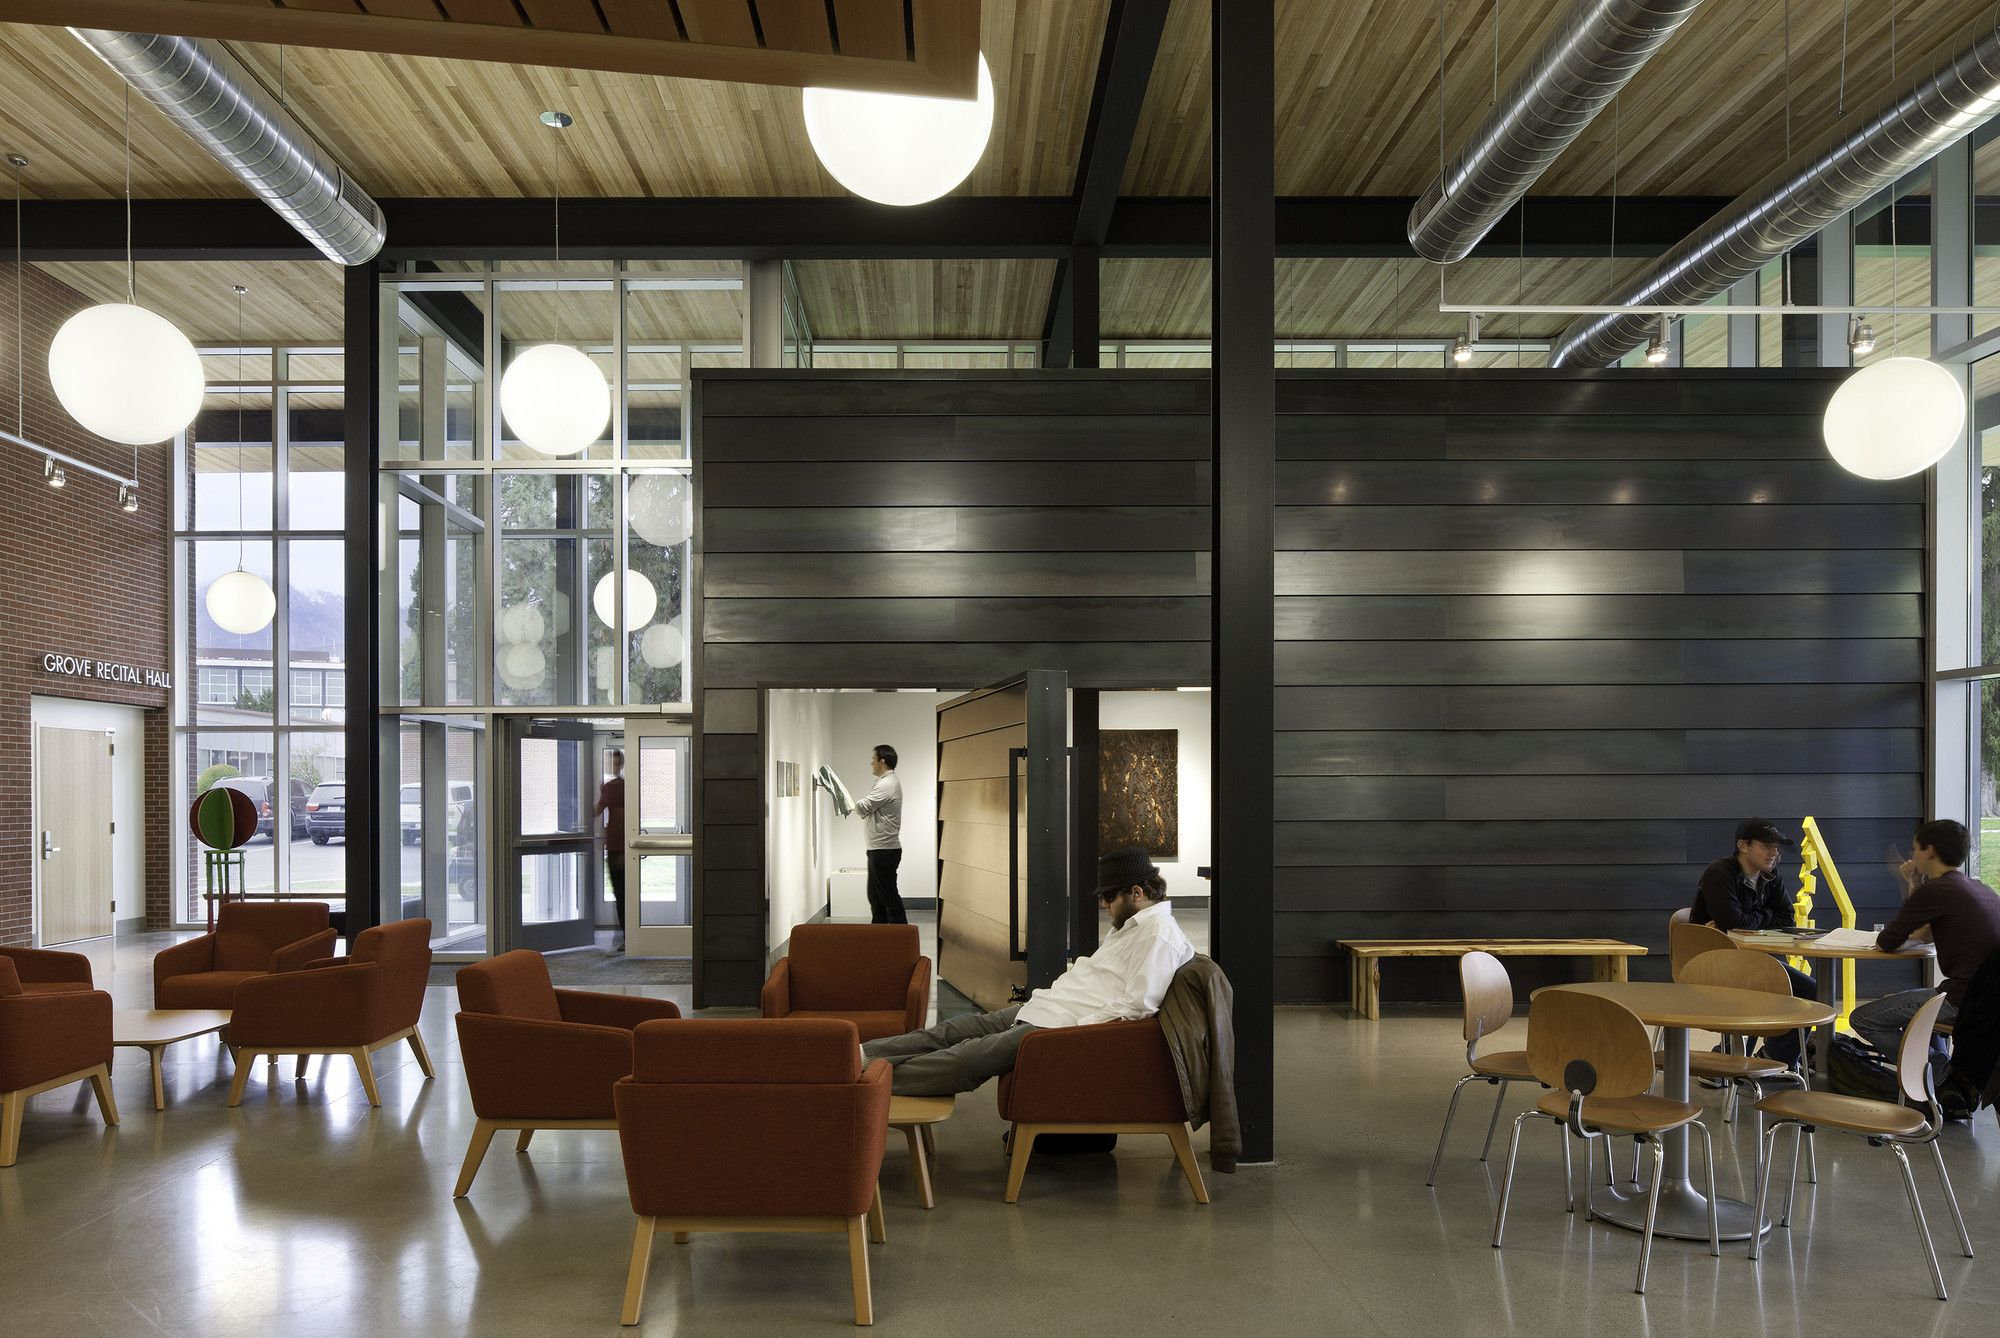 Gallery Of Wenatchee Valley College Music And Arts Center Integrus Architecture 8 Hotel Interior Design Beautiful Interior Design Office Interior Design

* * *

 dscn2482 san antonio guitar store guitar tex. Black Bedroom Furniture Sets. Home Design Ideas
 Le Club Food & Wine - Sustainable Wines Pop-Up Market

→ Assignment
Would you print exactly and only the lines of the material above that run from the line with "dscn2482 san antonio" through the line with "Le Club Food", both included?

→ Completed task
 dscn2482 san antonio guitar store guitar tex. Black Bedroom Furniture Sets. Home Design Ideas
 Le Club Food & Wine - Sustainable Wines Pop-Up Market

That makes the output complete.